• With Loose Mode, two ports of a loop are disabled.
• Different VLANs may disable different ports. A disabled port affects every VLAN using it.
• Loose Mode floods test packets to the entire VLAN. This can impact system performance if too many
VLANs are configured for Loose Mode loop detection.
NOTE
Brocade recommends that you limit the use of Loose Mode. If you have a large number of VLANS,
configuring loop detection on all of them can significantly affect system performance because of the
flooding of test packets to all configured VLANs. An alternative to configuring loop detection in a VLAN-
group of many VLANs is to configure a separate VLAN with the same tagged port and configuration,
and enable loop detection on this VLAN only.
NOTE
When loop detection is used with Layer 2 loop prevention protocols, such as spanning tree (STP), the
Layer 2 protocol takes higher priority. Loop detection cannot send or receive probe packets if ports are
blocked by Layer 2 protocols, so it does not detect Layer 2 loops when STP is running because loops
within a VLAN have been prevented by STP. Loop detection running in Loose Mode can detect and
break Layer 3 loops because STP cannot prevent loops across different VLANs. In these instances, the
ports are not blocked and loop detection is able to send out probe packets in one VLAN and receive
packets in another VLAN. In this way, loop detection running in Loose Mode disables both ingress and
egress ports.
Enabling loop detection
Use the
loop-detection
command to enable loop detection on a physical port (Strict Mode) or a VLAN
(Loose Mode). Loop detection is disabled by default. The following example shows a Strict Mode
configuration.
device(config)# interface ethernet 1/1
device(config-if-e1000-1/1)# loop-detection
The following example shows a Loose Mode configuration.
device(config)# vlan20
device(config-vlan-20)# loop-detection
By default, the port will send test packets every one second, or the number of seconds specified by the
loop-detection-interval
command. Refer to
Configuring a global loop detection interval
on page 81.
Syntax:
[no] loop-detection
Use the [no] form of the command to disable loop detection.

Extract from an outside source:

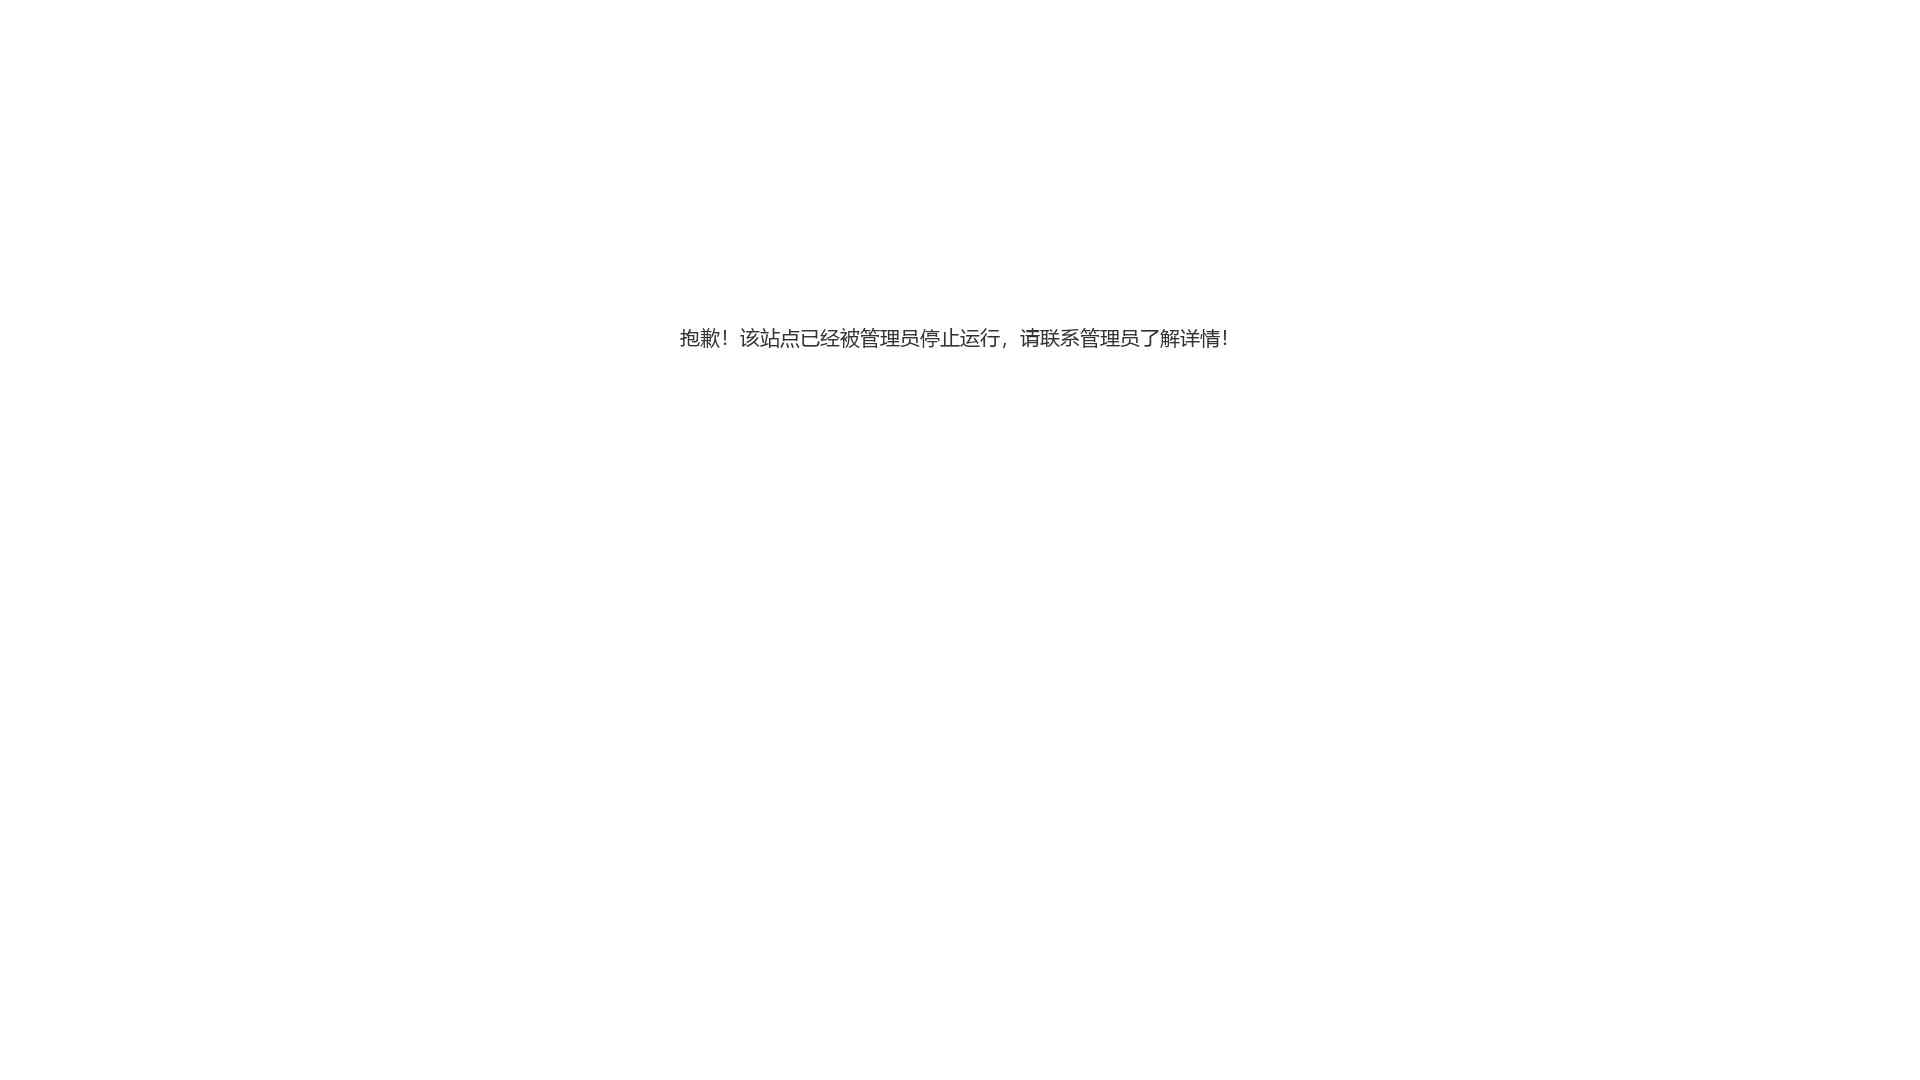 Test Page for Apache Installation截图时间：2024-02-23

Configuring a global loop detection interval
The loop detection interval specifies how often a test packet is sent on a port. When loop detection is
enabled, the loop detection time unit is 0.1 second, with a default of 10 (one second). The range is from
1 (one tenth of a second) to 100 (10 seconds). You can use the
show loop-detection status
command
to view the loop detection interval.
To configure the global loop detection interval, enter a command similar to the following.
device(config)# loop-detection-interval 50
This command sets the loop-detection interval to 5 seconds (50 x 0.1).